Lewat sebuh surat, Mattis mengakakan, Trump memiliki hak memiliki seorang Menteri Pertahanan yang pandangannya lebih selaras dengan pandangannya.
"Kepercayaan inti yang dipegangnya sejak lama adalah bahwa kekuatan kita sebagai bangsa tidak dapat dipisahkan dari kekuatan sistem aliansi dan kemitraan kita yang unik dan komprehensif," kata Mattis dalam surat tersebut.
Tanpa mempertahankan aliansi-aliansi itu, lanjut Mattis, "Kita tidak dapat melindungi kepentingan kita atau melayani peran "negara yang sangat diperlukan dalam dunia bebas."

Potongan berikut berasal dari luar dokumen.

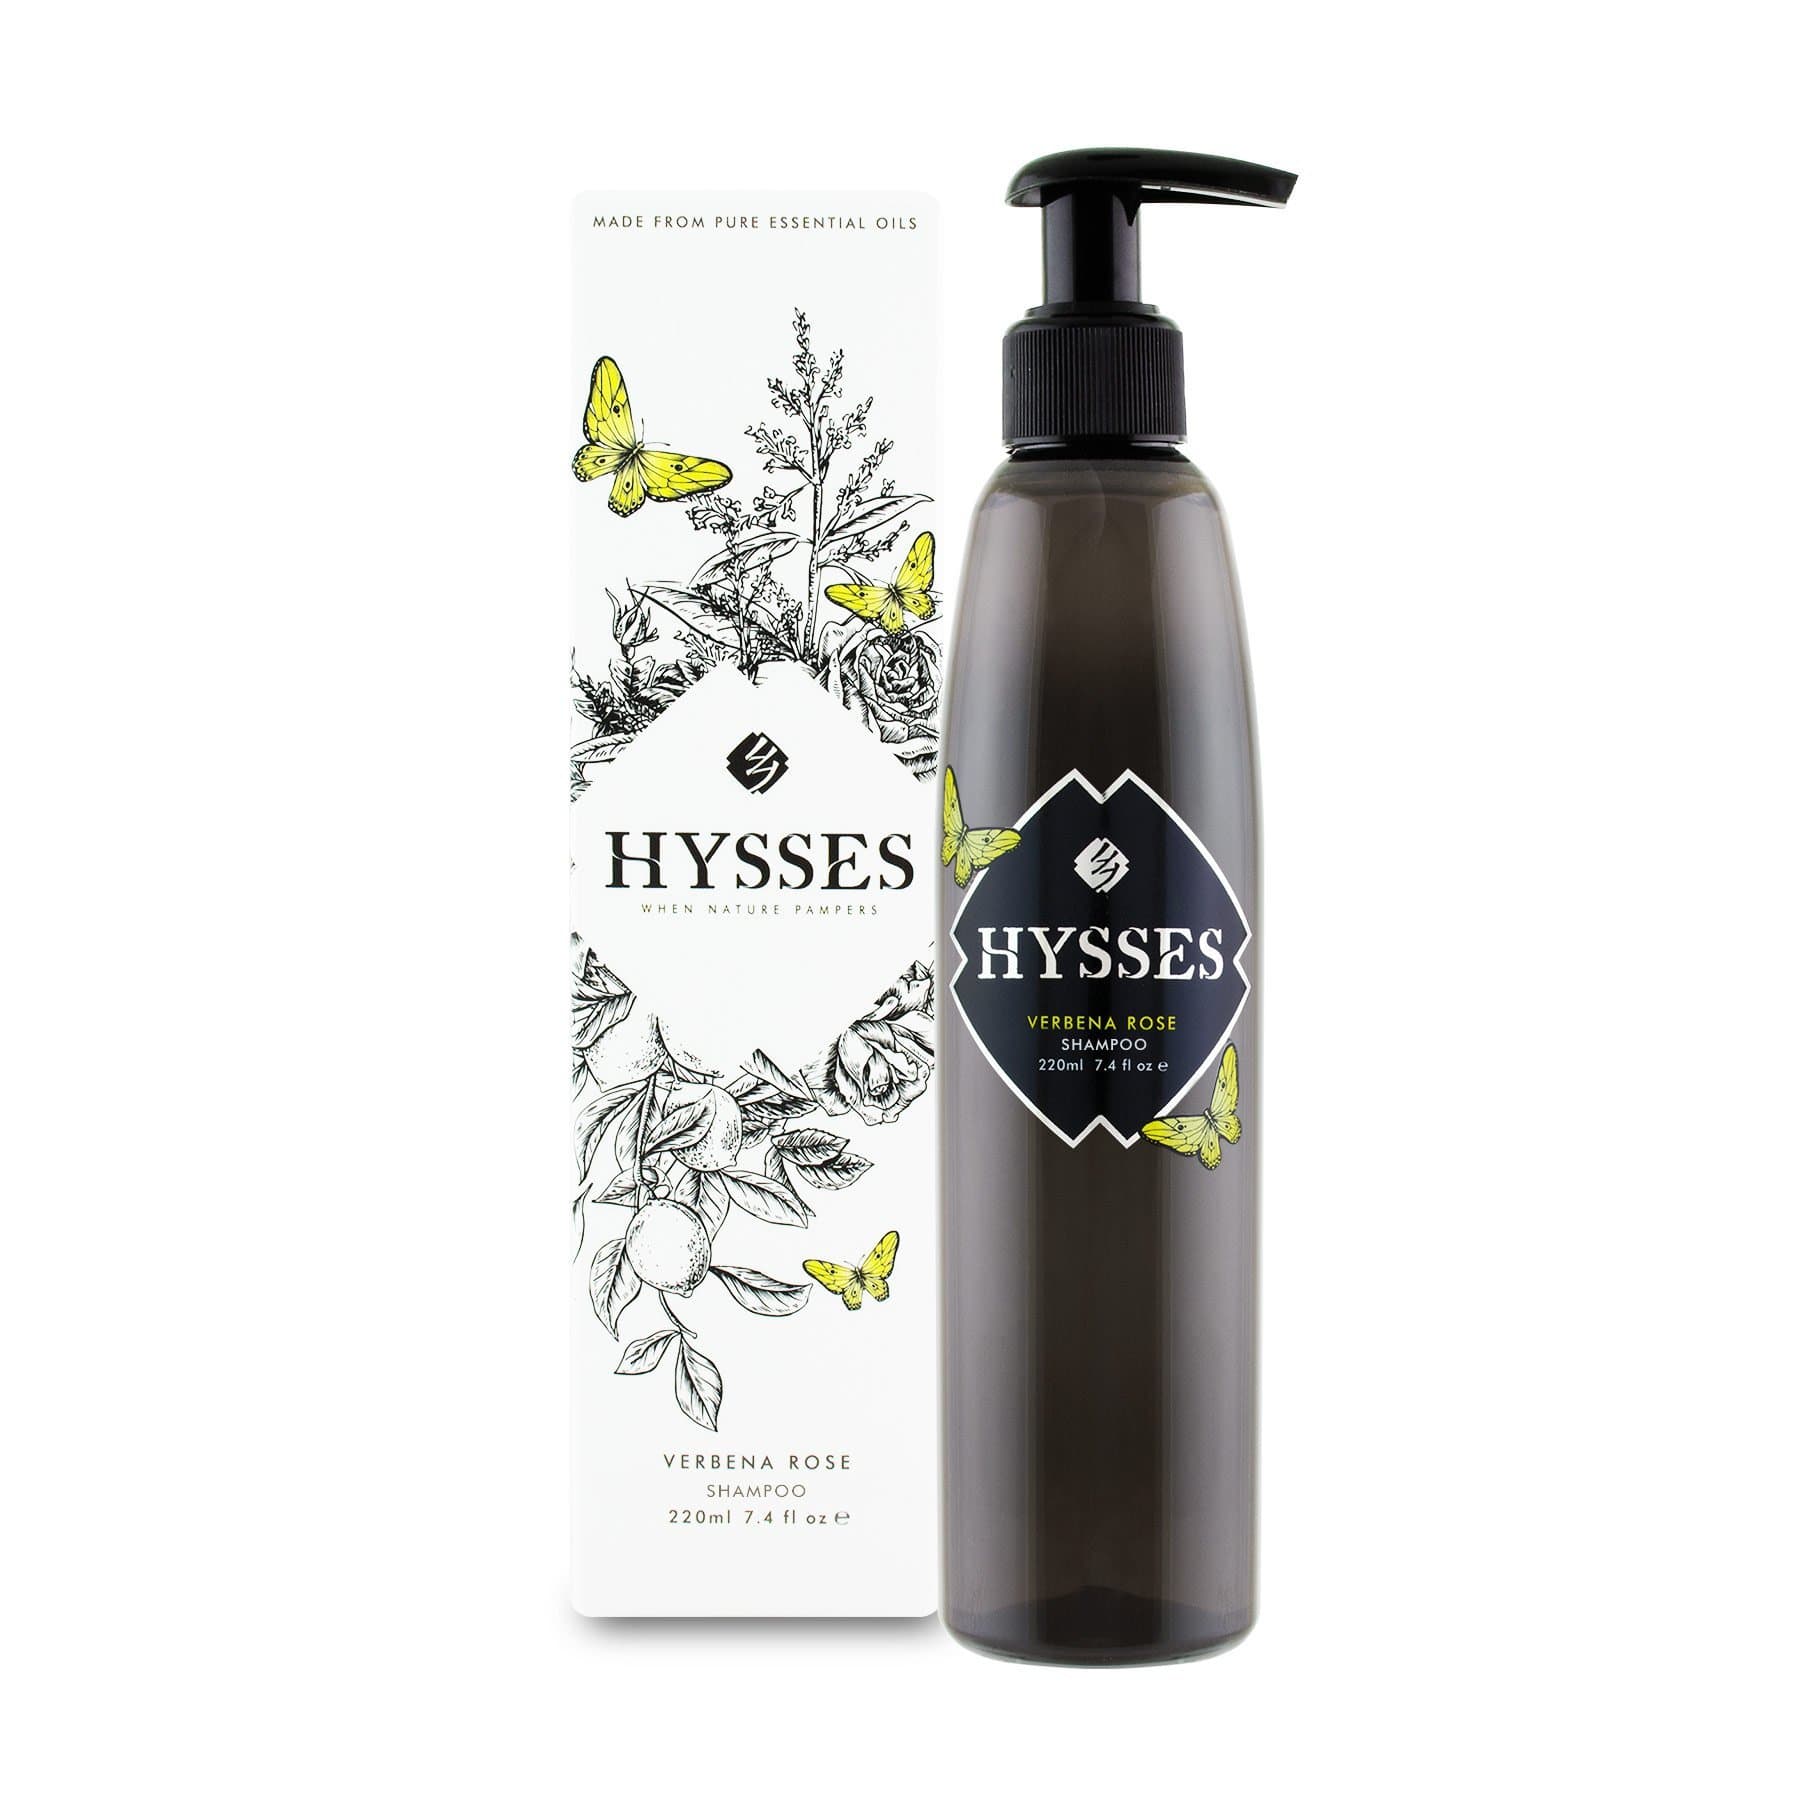 Hysses Hair Care Shampoo Verbena Rose, 220ml
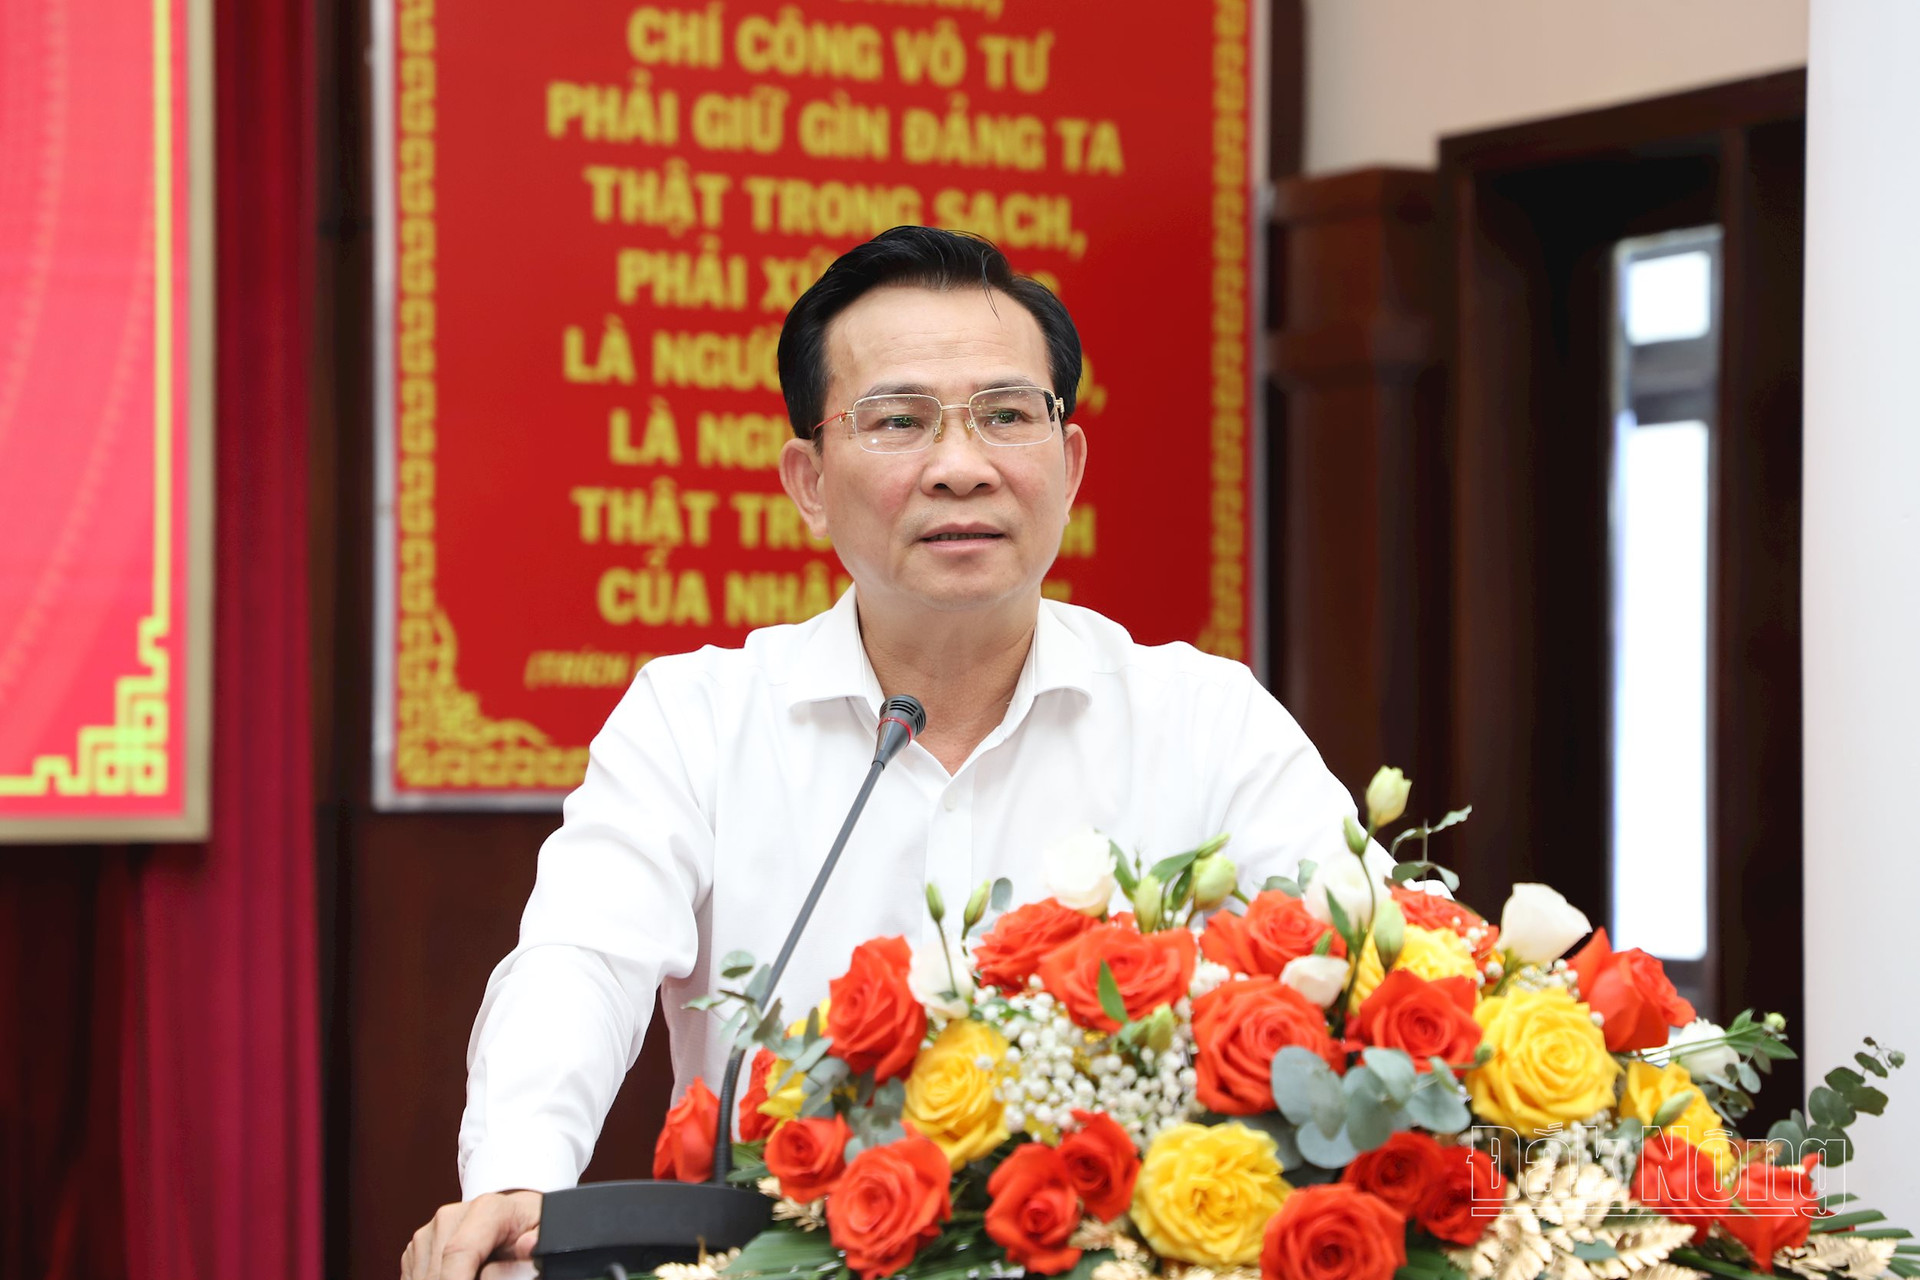 Đồng chí Hồ Văn Mười, Phó Bí thư Tỉnh ủy, Chủ tịch UBND tỉnh Đắk Nông giải trình, làm rõ một số nội dung kinh tế - xã hội mà các đại biểu ý kiến

Trump sering mengecam sekutu-sekutu Amerika di Perancis, Inggris, Kanada, dan Jerman, sementara kadang-kadang tampak memihak musuh-musuh AS atas para pejabatnya sendiri. "Pandangan saya perlunya memperlakukan sekutu dengan hormat," kata Mattis.
Surat pengunduran diri Mattis, yang menurut juru bicara Pentagon diserahkan langsung kepada presiden pada Kamis sore, beberapa setelah rencana kontroversial Trump untuk menarik pasukan AS dari Suriah.Pengumuman Trump pada Rabu (19/12) itu akan menarik lebih dari 2.000 anggota layanan AS ke luar negeri, mengakhiri strategi darat melawan Islamic State Iraq and Syria (ISIS)."Kami telah mengalahkan ISIS di Suriah, satu-satunya alasan saya berada di sana (Suriah)," kata Trump lewat akun Twitternya pada hari yang sama ia mengumkan penarikan pasukan AS di wilayah tersebut.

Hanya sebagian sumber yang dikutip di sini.